Uncertainty is again rising about what has been happening at Princess Juliana International Airport (PJIA). As it now turns out (see related story) Royal Schiphol Group wrote to Prime Minister Silveria Jacobs and Minister of Tourism, Economic Affairs, Transport and Telecommunication (TEATT) Ludmila de Weever expressing serious concern about compliance with corporate governance rules surrounding the dismissal of operating company PJIAE CEO Brian Mingo.
The letter is dated April 9, two days after the holding company PJIAH sent Mingo home at a shareholder’s meeting. The involvement of Schiphol Group was a condition for US $100 million in financing to rebuild the hurricane-damaged facility, provided half each from St. Maarten’s Dutch-sponsored Trust Fund administered by the World Bank and via the European Investment Bank (EIB).
Interestingly, officials of the Ministry of Home Affairs and Kingdom Relations BZK in The Hague met with members of PJIAH’s management and supervisory board on April 8 to discuss the cooperation agreement between PJIAH, PJIAE, BZK and Royal Schiphol Group expiring on August 1. That apparently did not stop the latter from sounding the alarm with government as sole shareholder of the airport the very next day.

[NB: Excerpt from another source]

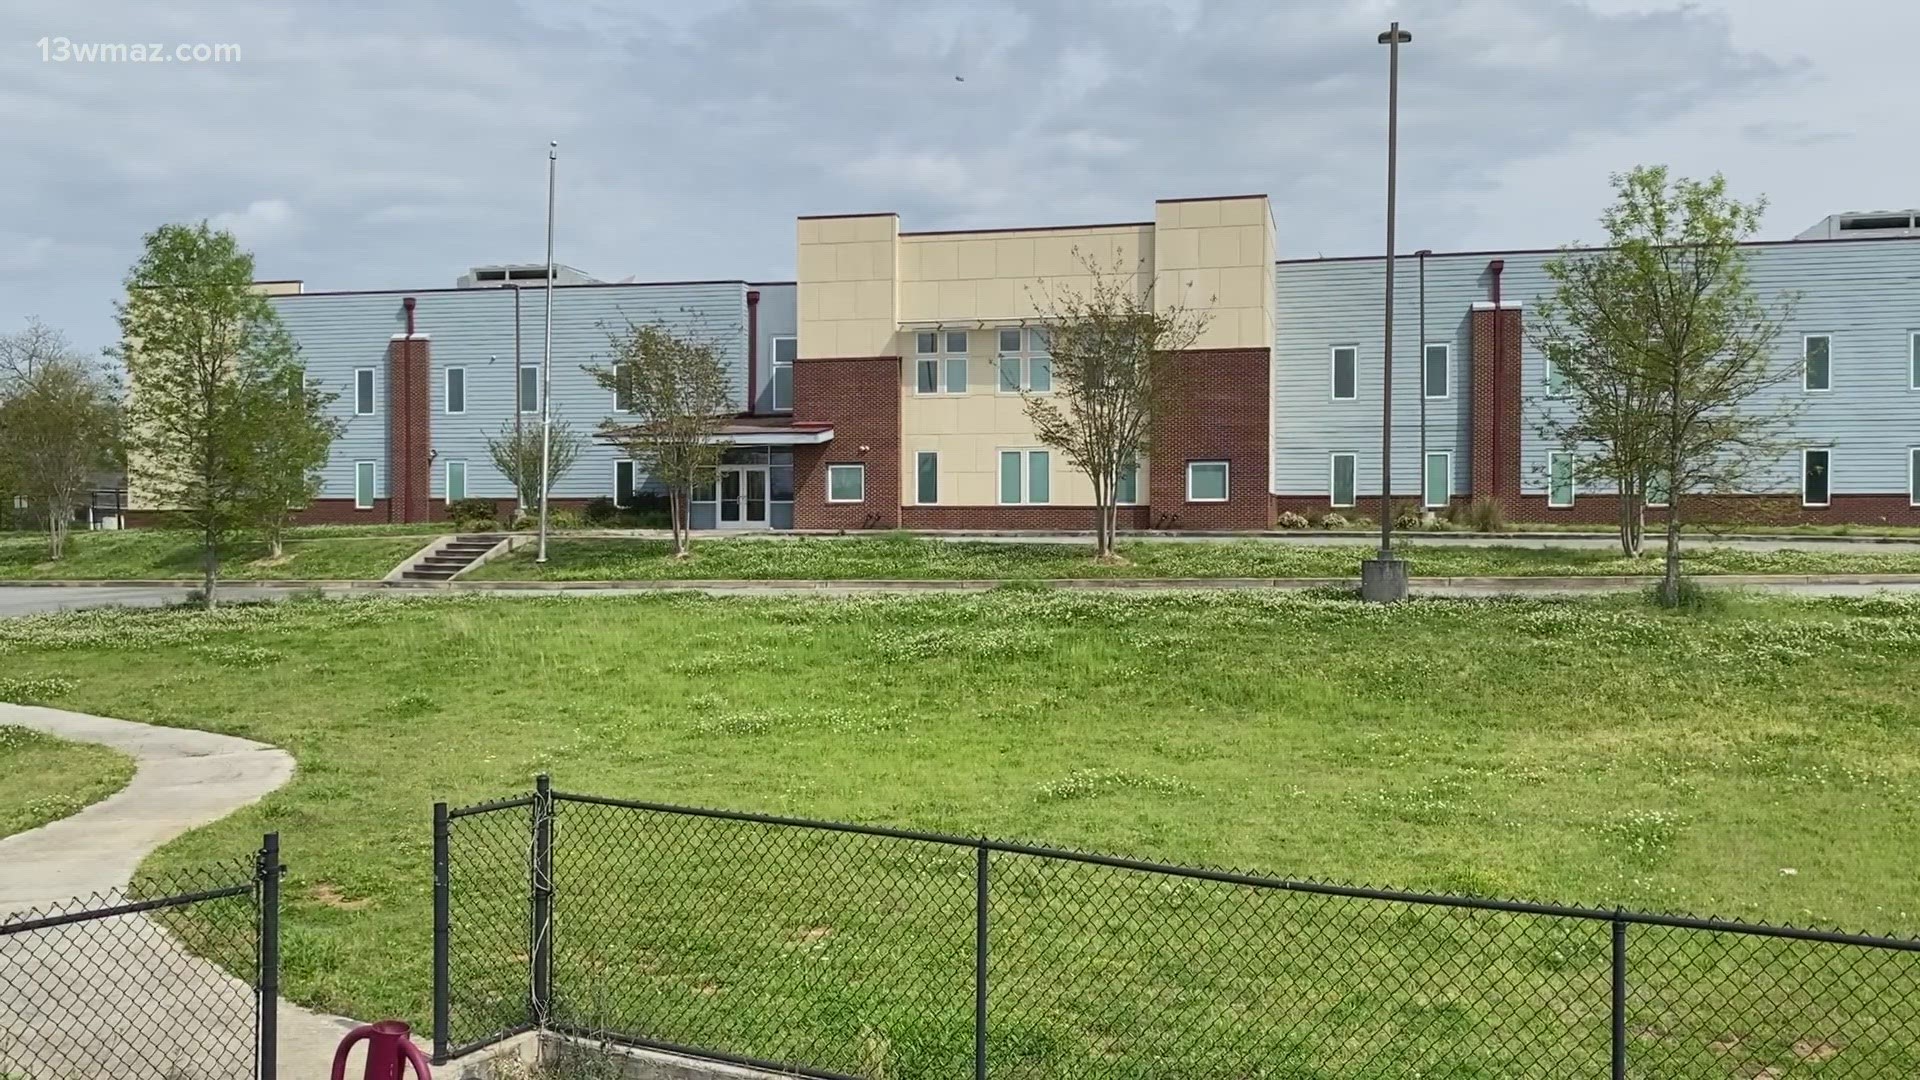 Bibb County is working with a developer to provide more affordable housing and commercial opportunities for the Pleasant Hill neighborhood.

Under these circumstances there is a need to reassure the public and relevant stakeholders including airlines and other hospitality industry partners regarding the island’s main gateway and its reconstruction project, which has become even more urgent due to the impact of the coronavirus-related crisis on the local tourism economy. Make no mistake, this is about people’s livelihoods, so after waiting more than 3½ years they just want to see the job done, once and for all.